The present study's objective was to employ latent construct analysis to discern CEA and PO constructs and utilize structural equation modeling to elucidate potential pathways bridging CEA, mentalizing, and PO. Drawing upon prior studies (18, 30, 32, 53), we postulated that CEA would correlate with heightened challenges in mentalizing, typified by confusion regarding mental states. Further, based on initial observations (9), we anticipated a link between CEA and increased PO challenges. Given the dearth of preceding research focusing on mentalizing and PO, we refrained from asserting a definitive hypothesis. However, relying on past findings that pinpoint mentalizing difficulties as being associated with pronounced identity diffusion (17, 18), we cautiously hypothesized a connection between mentalizing challenges and increased problems of PO Moreover, though no earlier studies have examined pathways involving CEA, mentalizing, and PO, insights from prior findings (18)—which suggest mentalizing as a mediator between CEA and identity diffusion—led us to tentatively propose that mentalizing would act as a partial mediator in the relationship between CEA and PO. Recognizing the multi-faceted nature of PO, we did not anticipate complete mediation by mentalizing, postulating that CEA might influence PO dimensions through channels distinct from mentalizing.

2 Methodology

2.1 Participants and procedure

The study included a sample of 193 adolescents ranging in age from 12 to 17 years, with a mean age of 14.89 years (SD = 1.47). The gender distribution revealed a majority of girls (68.50%; n = 132) and a minority of boys (31.50%; n = 61); none of the participants identified as intersex. In terms of ethnicity, the majority of participants were White (92.80%). Smaller proportions identified as Black (2.44%), Asian (1.46%), Hispanic (0.70%), Native American (0.52%), and other ethnicities (2.28%). Recruitment took place at local high schools. Eligibility for the study was based on age, requiring participants to be between 12 and 17 years. Those with intellectual disabilities were excluded from participation.

2.2 Measures

2.2.1 Emotional maltreatment

Childhood maltreatment was assessed using the Childhood Experience of Care and Abuse Questionnaire (CECA.Q) (56). This self-report measure evaluates various dimensions of childhood maltreatment perpetrated by caregivers, encompassing neglect, antipathy, psychological abuse, role reversal, physical abuse, and sexual abuse. A latent factor for emotional maltreatment was derived from the neglect (16 items; α = 0.87), psychological abuse (34 items; α = 0.88), and antipathy (16 items; α = 0.91) subscales. Items are scored on a five-point Likert scale, ranging from 0 (never) to 4 (often), for each caregiver, with higher scores indicating a more severe maltreatment history. The CECA.Q exhibits robust psychometric properties, including convergent and construct validity and test-retest reliability (>0.70). Its sound psychometric properties have been confirmed in both clinical (57) and community samples (56).

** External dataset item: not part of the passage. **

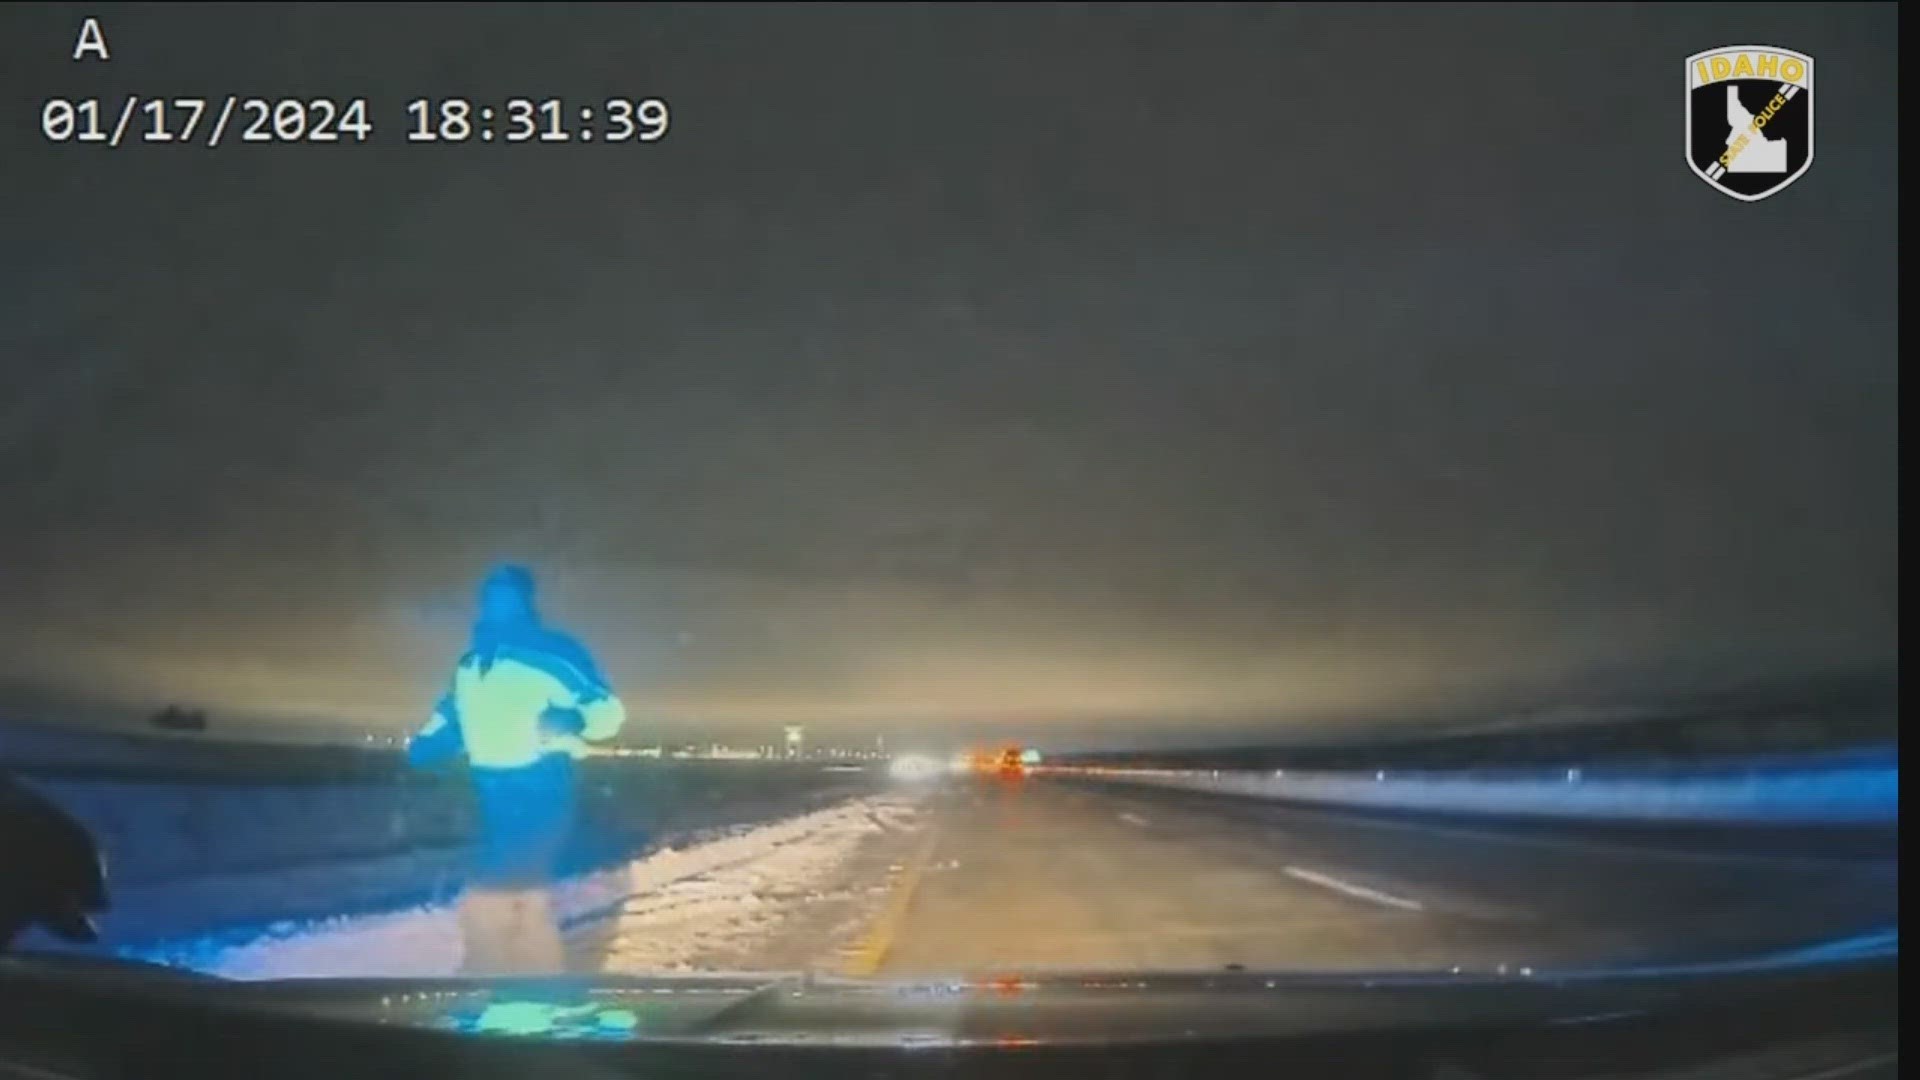 To remind the public of road safety, the Idaho State Police shared a video of a trooper working when a semi-truck almost hit him.

2.2.2 Personality organization

The Inventory for Personality Organization in Adolescents (IPO-A) (46) is an adolescent-adapted self-report tool crafted to assess PO following the structural model of personality (44). The questionnaire gauges five dimensions of PO: stability of self and other perceptions (11 items; α = 0.84), instability of objectives (5 items; α = 0.75), aggressiveness (11 items; α = 0.87), reality testing (6 items; α = 0.88), and moral values (9 items; α = 0.79). Items are scored on a 5-point Likert scale from 1 (never true) to 5 (always true), where higher scores indicate greater personality pathology. The French adaptation of the IPO-A has been validated in a community cohort of adolescents and young adults (46).

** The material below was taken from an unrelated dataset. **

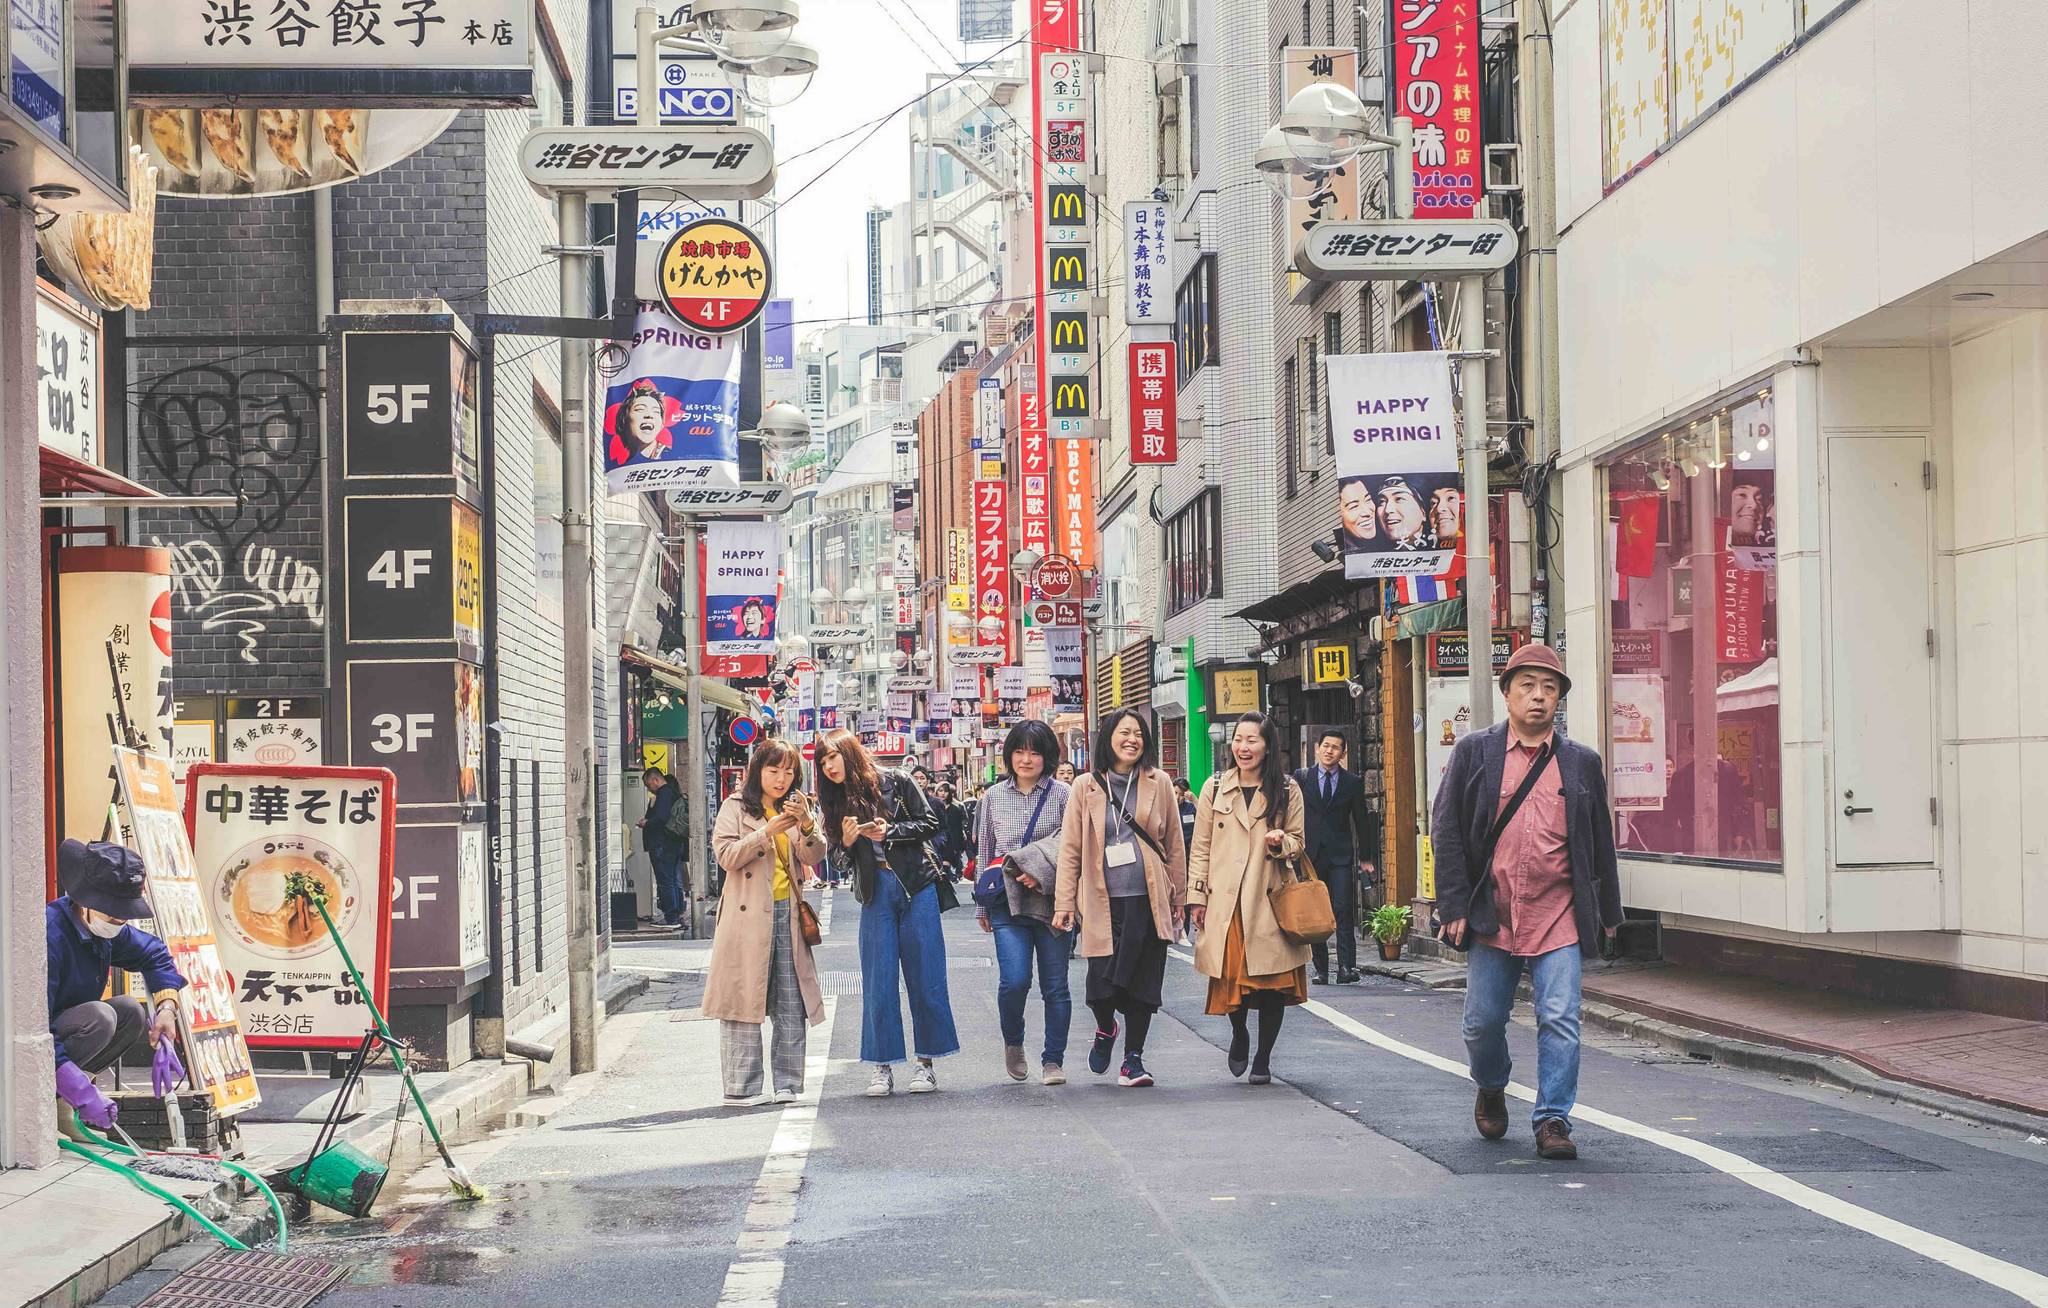 Media consumption affects tourist itineraries in Japan

2.2.3 Reflective functioning

The Reflective Functioning Questionnaire for Youth (RFQ-Y) (58, 59) is a concise self-report tool aimed at quantifying adolescents' reflective functioning or mentalizing capabilities. It encompasses three scales: Confusion and uncertainty about mental states (11 items; α = 0.88), Curiosity regarding mental states (8 items; α = 0.72), and Certainty about others' mental states (6 items; α = 0.81). Items are rated on a 6-point Likert scale from 1 (strongly disagree) to 6 (strongly agree). Higher scores on the individual scales, respectively, suggest increased uncertainty, interest, or certainty about the respondent's and others' mental states. The validity and psychometric attributes of the French version were established in a community sample of adolescents (59).

2.3 Data analysis

Preliminary bivariate correlations were used to examine the associations between childhood maltreatment, reflective functioning and personality organization. The correlations were then used to identify relevant variables for the subsequent analysis. In order to test the mediational role of confusion about mental states (RFQ-C) in the association between emotional maltreatment and personality pathology, structural equation modeling (SEM) was used. The measurement model was twofold. First, a latent variable (emotional maltreatment) predicting psychological abuse, neglect was computed. Residuals were allowed to correlate in the final model. Then, a second latent variable predicting personality organization variables (aggression, identity diffusion, reality testing and moral functioning) was computed. The correlations between the residuals were also allowed. The structural model aimed at examining the direct effect of emotional maltreatment on personality organization as well as the indirect effect through confusion about mental states (RFQ-C). Because some variables were non-normally distributed, we used a robust estimator (MLR). Different fit indices were used to test the adequacy of the model: the Comparative Fit Index (CFI), the Tucker-Lewis Index (TLI), the root mean square error of approximation (RMSEA) and the standardized root mean square residuals (SRMR), and the ratio of chi-square to degrees of freedom. Guidelines suggest that values above 0.95 for the CFI and TLI (60) and values below 0.05 for the RMSEA and SRMR, as well as a ratio of chi-square to degrees of freedom (χ2/df ) of <3, indicate an excellent fit (61, 62). Missing data was handled using the built-in full information maximum likelihood method in Mplus 8.10. Using a conservative effect size estimation based on Cohen's recommendations (63), a sample of 201 participants was necessary to detect significant effects with a statistical power of 0.80 (64). However, with the actual effect size being higher than the estimation, the number of participants needed to achieve 0.80 was significantly lower.

3 Results

3.1 Preliminary analyses

Bivariate Pearson correlations assessed the relationships among childhood maltreatment, PO, and reflective functioning (refer to Table 1). Our findings revealed moderate to strong correlations among various IPO-A dimensions. However, Instability of goals stood out, as it did not show any significant correlation with other dimensions, leading to its exclusion from the latent PO factor. Similarly, the CECA-Q subscales pertaining to CEA, specifically Negligence, Antipathy, and Psychological abuse, exhibited moderate to strong interconnections. Notably, among the RFQ-Y factors, Confusion about mental states displayed the most robust and consistent links with the study's variables. As a result, the Confusion factor was selected to explore the mediational role of RF in the SEM. Additionally, the study noted only minimal or negligible correlations between physical and sexual abuse with other studied variables. Consequently, these maltreatment types were set aside in subsequent analyses.

Table 1
www.frontiersin.org

Table 1. Bivariate Pearson correlations between variables of study.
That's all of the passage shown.